Situated in an isolated location well off the Old Summer Road and looking somewhat like a Swiss chalet in design, Aleksandr's house was solidly constructed from heavy timber and surrounded by equally sturdy wooden fencing. Out of the front of the building lie massive cubes of ice cut from nearby Kuydusun River for use as drinking water, and a heap of chopped logs for heating. The amount of physical work in chain sawing the ice and cutting the logs would have been extraordinary.
We recalled Ed's parents-in-law with whom we had the fortune to meet and stay with in Sinsk on the first leg of our Anarbarskiy journey.
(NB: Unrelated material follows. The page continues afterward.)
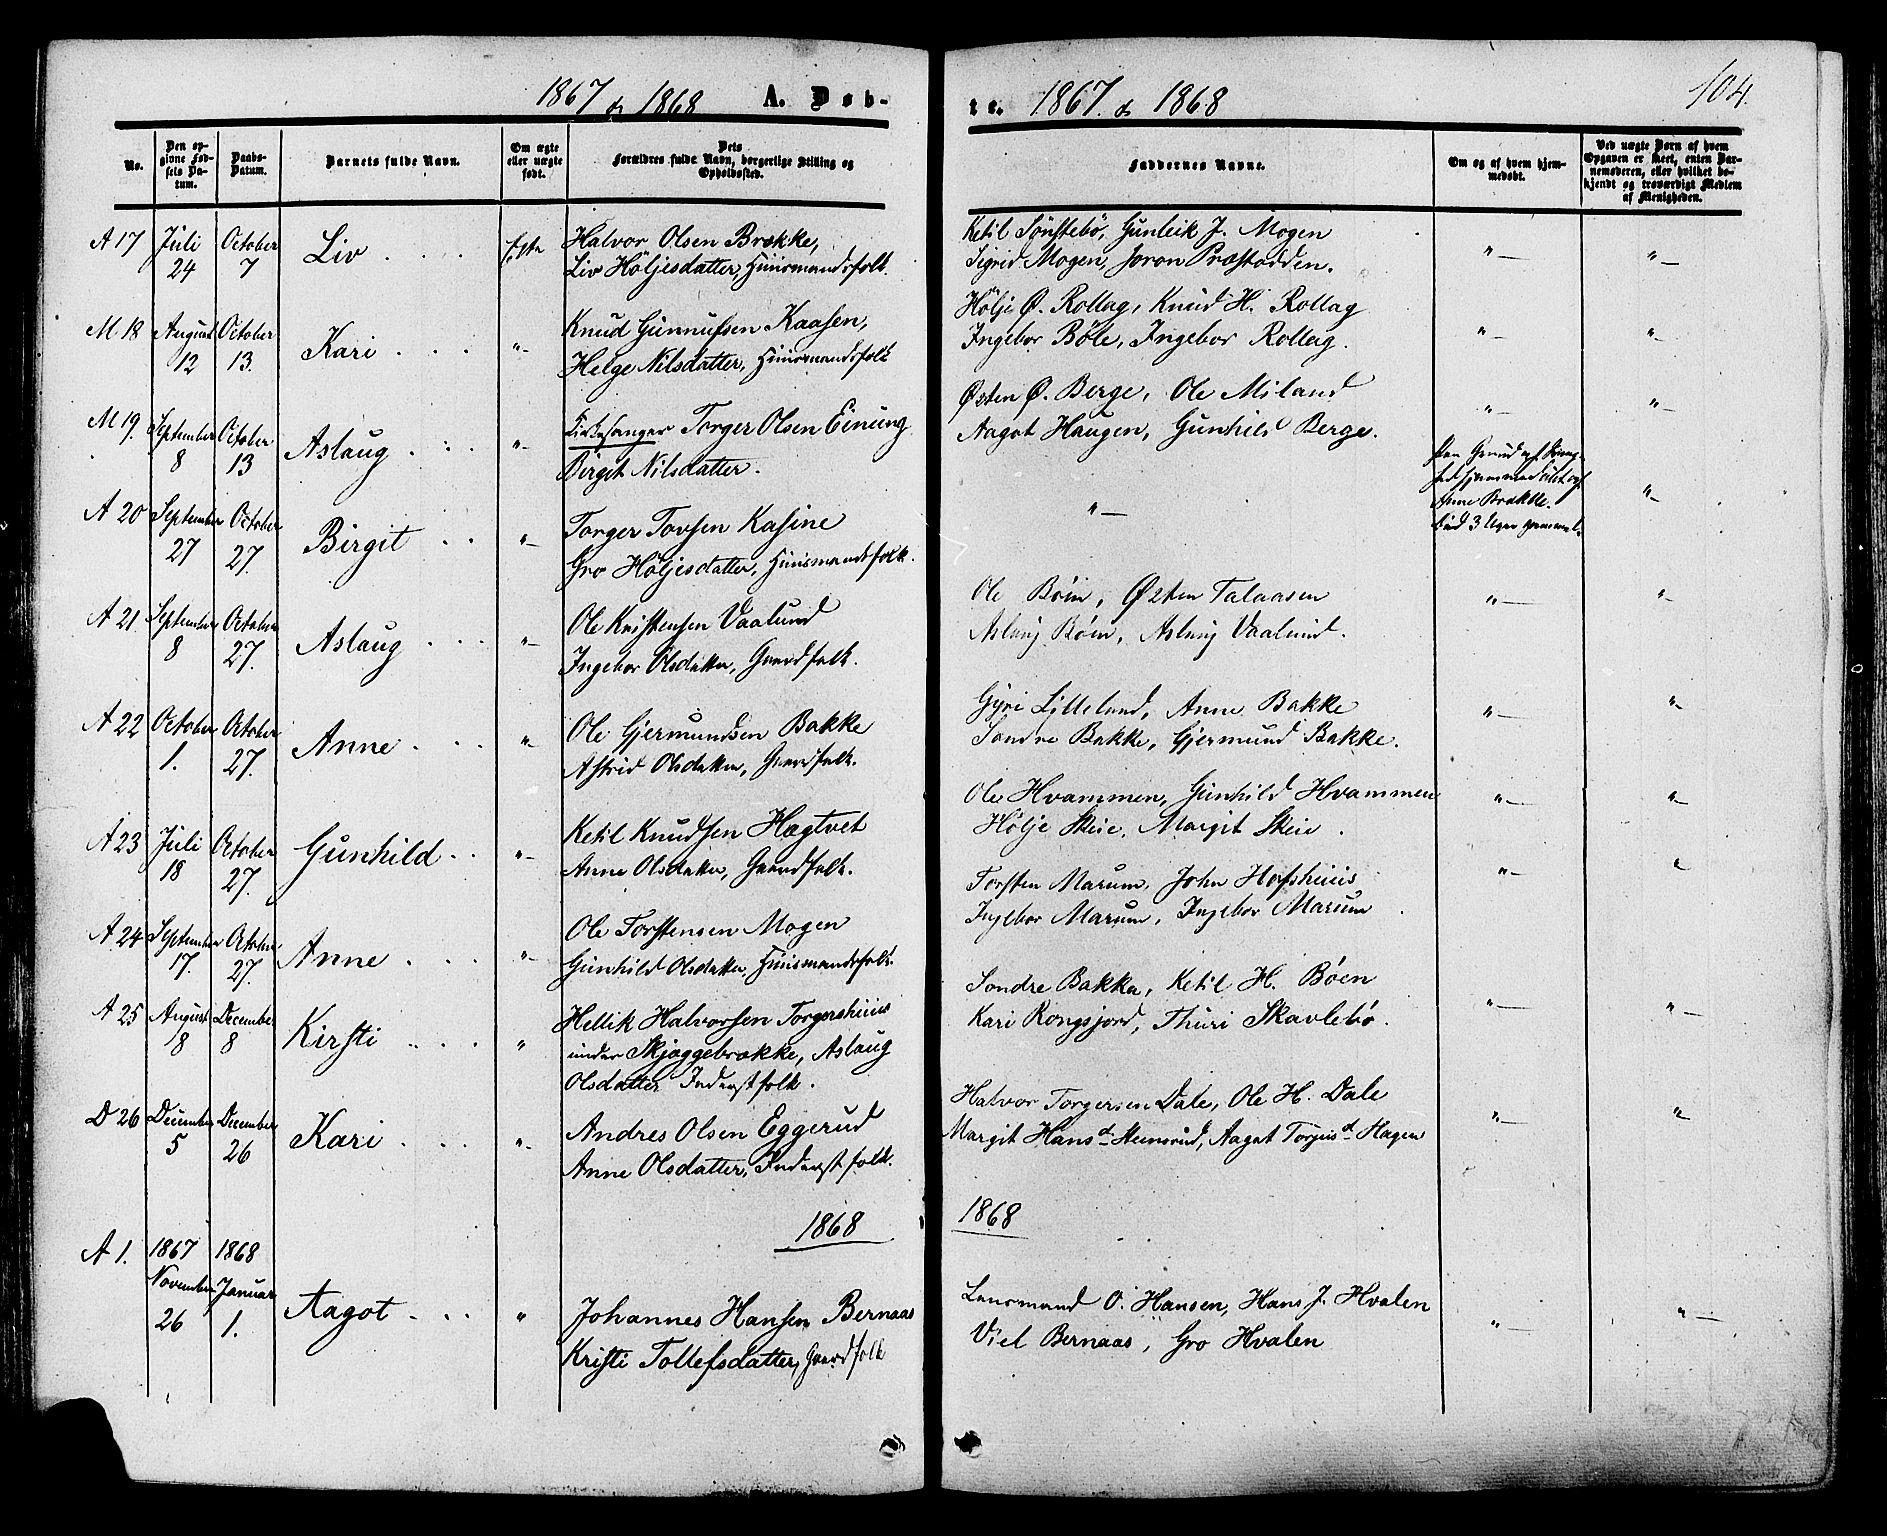 SAKO, Tinn kirkebøker, F/Fa/L0006: Ministerialbok nr. I 6, 1857-1878, s. 104

Ed had told us that until the very recent advent of central heating, most of his father-in-law's life in summer was taken up preparing wood for winter season, and then in winter sawing chunks of ice on a regular basis from the river for their water supply. It was sheer hard physical work. But heat is life in these extreme cold regions; and a life here is certainly not for the faint-hearted.
And this time we left no chances to the cold. Donning all our cold weather gear was as usual, not a lot of fun with Alan cursing and swearing that he couldn't get his mittens on over his thermal gloves. Meanwhile Yura patiently - or pityingly - looked on.
Aleksandr was there to meet us. A diminutive, friendly man who apparently spoke no English at all, explained somehow through Yura that he was a former jockey who had turned to raising horses for a living. Looking out onto his large herd, we were saddened with the knowledge that most of the little Yakut ponies were destined for the slaughterhouse. As mentioned, it was something about which Alan and I squeamishly never felt at all comfortable.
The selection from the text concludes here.